Netevent is a tool which can be used to share linux event devices with other machines (either via /dev/uinput or by implementing a client for the same protocol with other means).

Originally it simply dumped device capabilities to stdout and afterwards behaved like running cat /dev/input/eventX in one mode, and in the other passed the parsed capabilities to /dev/uinput and then passing events through.

Since managing this for multiple devices can become tedious when having more than one destination (and since the original grab/toggle/hotkey mechanisms were weird and literally targeted my personal use case), netevent2 now extends the protocol to contain packets which can contain more than one device and can add and remove devices on the fly.

The original cat like behavior (although currently without hotkey support) is also available for debugging purposes (and the create mode supports both protocol versions).

The main tool is now the netevent daemon which has a command socket (an optionally abstract unix socket) via which one can add devices, outputs and hotkeys on the fly. See the examples below.

Compilation

  • optionally: ./configure --prefix=/usr
  • make

You can still just run make as before. However, to support the usual installation workflows, and to distinguish between systems with newer kernels where /dev/uinput has been extended with a UI_DEV_SETUP ioctl, a ./configure script has been added to check for this and create a config.h as well as a config.mak for PREFIX/BINDIR/... (all of which can be passed as variables directly to make instead as well, along with the usual DESTDIR).

Installation

  • make install or make DESTDIR=/my/staging/dir install

Or: as previously, just put the netevent binary wherever.

Usage

See the DAEMON COMMANDS section in netevent(1) for details on the commands used in the setup scripts below.

Examples

See the examples/ directory. Read the setup-example below to see how to adapt the hotkey lines to work with your devices.

Simple example setup: sharing keyboard & mouse with a machine via ssh:

Host side:

  • Preparation: Make sure we can access event devices as a user

    Usually this means running something like gpasswd -a myuser input

  • Step 1: Decide which /dev/input/eventXY devices to pass through.

    For consistent file names use something like: /dev/input/by-id/usb-MyAwesomeKeyboard-event-kbd /dev/input/by-id/usb-BestMouseEver-event-mouse

  • Step 2: Decide on a hotkey and find its event code:

    In the above example we want to use a key on the keyboard (unless you have an insane amount of mouse buttons...). netevent can be used to dump events in a readable way, run the show subcommand on the device and press the keys you want to use for hotkeys. If this is the same keyboard you're typing in the command with , prepend a sleep to avoid confusion when netevent picks up the release of the enter key.

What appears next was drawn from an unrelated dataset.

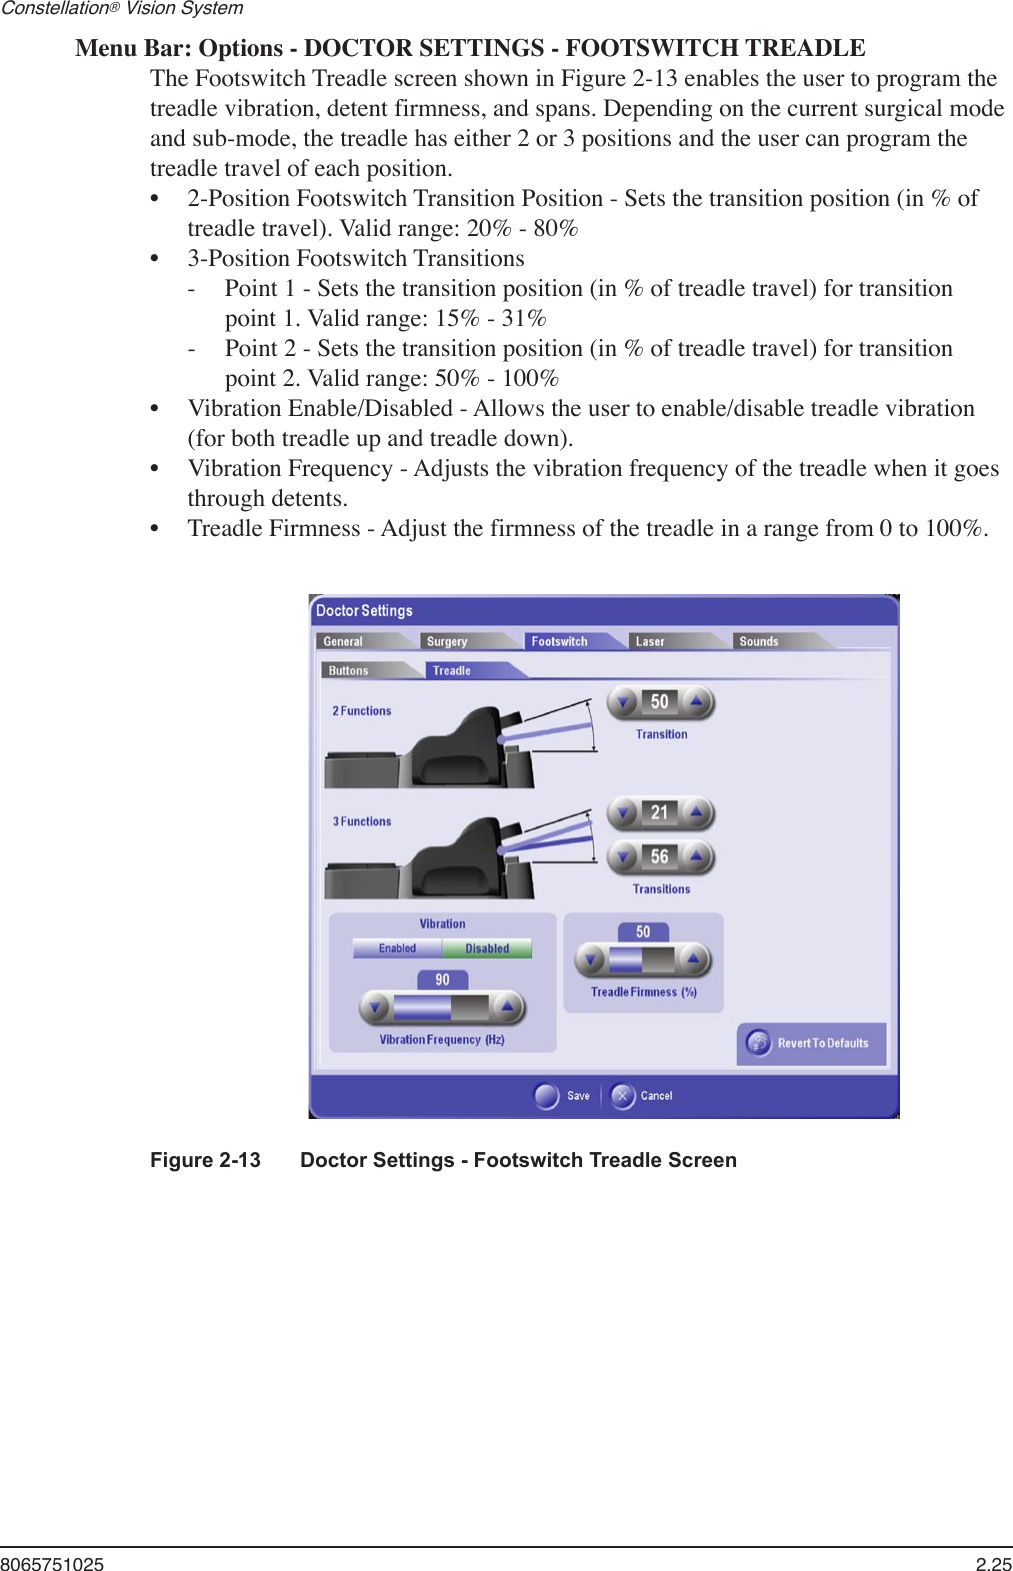 8065751025  2.25Constellation® Vision System Figure 2-13  Doctor Settings - Footswitch Treadle ScreenMenu Bar: Options - DOCTOR SETTINGS - FOOTSWITCH TREADLEThe Footswitch Treadle screen shown in Figure 2-13 enables the user to program the treadle vibration, detent firmness, and spans. Depending on the current surgical mode and sub-mode, the treadle has either 2 or 3 positions and the user can program the treadle travel of each position. 2-Position Footswitch Transition Position - Sets the transition position (in % of treadle travel). Valid range: 20% - 80%3-Position Footswitch Transitions  -  Point 1 - Sets the transition position (in % of treadle travel) for transition    point 1. Valid range: 15% - 31% -  Point 2 - Sets the transition position (in % of treadle travel) for transition    point 2. Valid range: 50% - 100%Vibration Enable/Disabled - Allows the user to enable/disable treadle vibration (for both treadle up and treadle down).  Vibration Frequency - Adjusts the vibration frequency of the treadle when it goes through detents.Treadle Firmness - Adjust the firmness of the treadle in a range from 0 to 100%.•••••

    $ sleep 0.3 && netevent show /dev/input/by-id/usb-...-event-kbd
    MSC:4:3829
    KEY:189:1
    SYN:0:0
    MSC:4:3829
    KEY:189:0
    SYN:0:0
    
  • Step 3: Prepare a setup script for the daemon:

    # file: netevent-setup.ne2
    # Add mouse & keyboard
    device add mymouse /dev/input/by-id/usb-BestMouseEver-event-mouse
    device add mykbd /dev/input/by-id/usb-MyAwesomeKeyboard-event-kbd
    
    # Add toggle hotkey (on press, and ignore the release event)
    hotkey add mykbd key:189:1 grab toggle
    hotkey add mykbd key:189:0 nop
    
    # Connect to the two devices via password-less ssh
    output add myremote exec:ssh user@other-host netevent create
    # Cause grabbing to write to that output
    use myremote
    
  • Step 4: Run the netevent daemon:

    $ netevent daemon -s netevent-setup.ne2 netevent-command.sock

You can now send additional commands to the daemon by connecting to the socket. For example via socat READLINE netevent-command.sock.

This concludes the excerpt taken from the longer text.